**Exercise requirements:** An exact transcription of all the data is required, with every image removed.
--- --- ---
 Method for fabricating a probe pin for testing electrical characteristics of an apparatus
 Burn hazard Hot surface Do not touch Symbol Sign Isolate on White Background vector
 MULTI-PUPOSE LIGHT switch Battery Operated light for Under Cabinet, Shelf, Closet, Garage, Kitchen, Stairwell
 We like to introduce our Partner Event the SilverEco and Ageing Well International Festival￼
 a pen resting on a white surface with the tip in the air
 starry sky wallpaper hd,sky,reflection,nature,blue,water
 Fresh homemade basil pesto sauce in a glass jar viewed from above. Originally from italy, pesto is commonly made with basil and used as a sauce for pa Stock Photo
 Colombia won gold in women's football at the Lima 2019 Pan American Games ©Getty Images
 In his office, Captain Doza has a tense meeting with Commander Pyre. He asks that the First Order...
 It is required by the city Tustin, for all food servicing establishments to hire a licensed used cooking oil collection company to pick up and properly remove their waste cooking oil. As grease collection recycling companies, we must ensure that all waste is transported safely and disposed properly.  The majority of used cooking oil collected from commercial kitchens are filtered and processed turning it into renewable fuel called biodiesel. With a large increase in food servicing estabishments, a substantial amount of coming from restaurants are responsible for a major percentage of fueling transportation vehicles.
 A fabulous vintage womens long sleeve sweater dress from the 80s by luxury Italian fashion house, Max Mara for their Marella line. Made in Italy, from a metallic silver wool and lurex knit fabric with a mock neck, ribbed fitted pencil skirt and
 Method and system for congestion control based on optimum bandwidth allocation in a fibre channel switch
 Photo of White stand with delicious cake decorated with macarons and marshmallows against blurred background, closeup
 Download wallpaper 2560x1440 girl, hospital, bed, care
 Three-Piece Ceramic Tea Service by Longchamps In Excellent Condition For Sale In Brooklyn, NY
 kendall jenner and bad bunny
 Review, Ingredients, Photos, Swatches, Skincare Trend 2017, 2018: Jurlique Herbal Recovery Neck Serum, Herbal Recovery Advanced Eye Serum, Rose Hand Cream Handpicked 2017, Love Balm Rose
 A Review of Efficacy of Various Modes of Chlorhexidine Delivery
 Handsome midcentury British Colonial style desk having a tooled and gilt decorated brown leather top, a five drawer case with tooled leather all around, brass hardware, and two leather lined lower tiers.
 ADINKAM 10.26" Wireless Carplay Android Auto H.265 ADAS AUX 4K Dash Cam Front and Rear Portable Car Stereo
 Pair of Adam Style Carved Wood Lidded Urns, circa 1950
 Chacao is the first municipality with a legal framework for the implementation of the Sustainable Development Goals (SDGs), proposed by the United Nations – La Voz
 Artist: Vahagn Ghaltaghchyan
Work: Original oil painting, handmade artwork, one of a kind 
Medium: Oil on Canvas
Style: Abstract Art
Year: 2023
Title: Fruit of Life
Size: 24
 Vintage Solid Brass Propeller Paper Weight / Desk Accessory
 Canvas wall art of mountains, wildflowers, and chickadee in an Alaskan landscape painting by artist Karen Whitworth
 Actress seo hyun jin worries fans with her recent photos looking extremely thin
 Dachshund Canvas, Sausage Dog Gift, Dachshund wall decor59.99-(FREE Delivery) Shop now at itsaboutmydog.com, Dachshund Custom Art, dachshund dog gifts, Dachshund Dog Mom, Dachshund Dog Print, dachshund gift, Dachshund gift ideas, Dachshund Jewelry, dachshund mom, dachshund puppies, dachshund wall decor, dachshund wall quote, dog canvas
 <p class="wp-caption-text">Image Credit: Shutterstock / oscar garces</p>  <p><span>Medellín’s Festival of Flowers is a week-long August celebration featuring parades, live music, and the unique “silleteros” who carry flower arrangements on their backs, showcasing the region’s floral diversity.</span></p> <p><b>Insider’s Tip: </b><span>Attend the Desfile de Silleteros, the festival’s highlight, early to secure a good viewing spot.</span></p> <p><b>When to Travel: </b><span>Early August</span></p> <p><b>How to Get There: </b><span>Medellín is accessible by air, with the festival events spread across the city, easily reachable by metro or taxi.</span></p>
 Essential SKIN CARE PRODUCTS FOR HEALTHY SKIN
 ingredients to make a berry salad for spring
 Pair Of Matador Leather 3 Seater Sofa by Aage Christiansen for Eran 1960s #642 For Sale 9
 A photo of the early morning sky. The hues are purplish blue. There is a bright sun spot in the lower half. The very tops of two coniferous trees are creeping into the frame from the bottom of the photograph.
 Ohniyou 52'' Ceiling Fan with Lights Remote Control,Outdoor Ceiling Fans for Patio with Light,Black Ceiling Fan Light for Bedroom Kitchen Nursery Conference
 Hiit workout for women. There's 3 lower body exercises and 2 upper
--- --- ---
**Task response:**
 Method for fabricating a probe pin for testing electrical characteristics of an apparatus
 Burn hazard Hot surface Do not touch Symbol Sign Isolate on White Background vector
 MULTI-PUPOSE LIGHT switch Battery Operated light for Under Cabinet, Shelf, Closet, Garage, Kitchen, Stairwell
 We like to introduce our Partner Event the SilverEco and Ageing Well International Festival
 a pen resting on a white surface with the tip in the air
 starry sky wallpaper hd,sky,reflection,nature,blue,water
 Fresh homemade basil pesto sauce in a glass jar viewed from above. Originally from italy, pesto is commonly made with basil and used as a sauce for pa Stock Photo
 Colombia won gold in women's football at the Lima 2019 Pan American Games ©Getty Images
 In his office, Captain Doza has a tense meeting with Commander Pyre. He asks that the First Order...
 It is required by the city Tustin, for all food servicing establishments to hire a licensed used cooking oil collection company to pick up and properly remove their waste cooking oil. As grease collection recycling companies, we must ensure that all waste is transported safely and disposed properly.  The majority of used cooking oil collected from commercial kitchens are filtered and processed turning it into renewable fuel called biodiesel. With a large increase in food servicing estabishments, a substantial amount of coming from restaurants are responsible for a major percentage of fueling transportation vehicles.
 A fabulous vintage womens long sleeve sweater dress from the 80s by luxury Italian fashion house, Max Mara for their Marella line. Made in Italy, from a metallic silver wool and lurex knit fabric with a mock neck, ribbed fitted pencil skirt and
 Method and system for congestion control based on optimum bandwidth allocation in a fibre channel switch
 Photo of White stand with delicious cake decorated with macarons and marshmallows against blurred background, closeup
 Download wallpaper 2560x1440 girl, hospital, bed, care
 Three-Piece Ceramic Tea Service by Longchamps In Excellent Condition For Sale In Brooklyn, NY
 kendall jenner and bad bunny
 Review, Ingredients, Photos, Swatches, Skincare Trend 2017, 2018: Jurlique Herbal Recovery Neck Serum, Herbal Recovery Advanced Eye Serum, Rose Hand Cream Handpicked 2017, Love Balm Rose
 A Review of Efficacy of Various Modes of Chlorhexidine Delivery
 Handsome midcentury British Colonial style desk having a tooled and gilt decorated brown leather top, a five drawer case with tooled leather all around, brass hardware, and two leather lined lower tiers.
 ADINKAM 10.26" Wireless Carplay Android Auto H.265 ADAS AUX 4K Dash Cam Front and Rear Portable Car Stereo
 Pair of Adam Style Carved Wood Lidded Urns, circa 1950
 Chacao is the first municipality with a legal framework for the implementation of the Sustainable Development Goals (SDGs), proposed by the United Nations – La Voz
 Artist: Vahagn Ghaltaghchyan
Work: Original oil painting, handmade artwork, one of a kind 
Medium: Oil on Canvas
Style: Abstract Art
Year: 2023
Title: Fruit of Life
Size: 24
 Vintage Solid Brass Propeller Paper Weight / Desk Accessory
 Canvas wall art of mountains, wildflowers, and chickadee in an Alaskan landscape painting by artist Karen Whitworth
 Actress seo hyun jin worries fans with her recent photos looking extremely thin
 Dachshund Canvas, Sausage Dog Gift, Dachshund wall decor59.99-(FREE Delivery) Shop now at itsaboutmydog.com, Dachshund Custom Art, dachshund dog gifts, Dachshund Dog Mom, Dachshund Dog Print, dachshund gift, Dachshund gift ideas, Dachshund Jewelry, dachshund mom, dachshund puppies, dachshund wall decor, dachshund wall quote, dog canvas
 <p class="wp-caption-text">Image Credit: Shutterstock / oscar garces</p>  <p><span>Medellín’s Festival of Flowers is a week-long August celebration featuring parades, live music, and the unique “silleteros” who carry flower arrangements on their backs, showcasing the region’s floral diversity.</span></p> <p><b>Insider’s Tip: </b><span>Attend the Desfile de Silleteros, the festival’s highlight, early to secure a good viewing spot.</span></p> <p><b>When to Travel: </b><span>Early August</span></p> <p><b>How to Get There: </b><span>Medellín is accessible by air, with the festival events spread across the city, easily reachable by metro or taxi.</span></p>
 Essential SKIN CARE PRODUCTS FOR HEALTHY SKIN
 ingredients to make a berry salad for spring
 Pair Of Matador Leather 3 Seater Sofa by Aage Christiansen for Eran 1960s #642 For Sale 9
 A photo of the early morning sky. The hues are purplish blue. There is a bright sun spot in the lower half. The very tops of two coniferous trees are creeping into the frame from the bottom of the photograph.
 Ohniyou 52'' Ceiling Fan with Lights Remote Control,Outdoor Ceiling Fans for Patio with Light,Black Ceiling Fan Light for Bedroom Kitchen Nursery Conference
 Hiit workout for women. There's 3 lower body exercises and 2 upper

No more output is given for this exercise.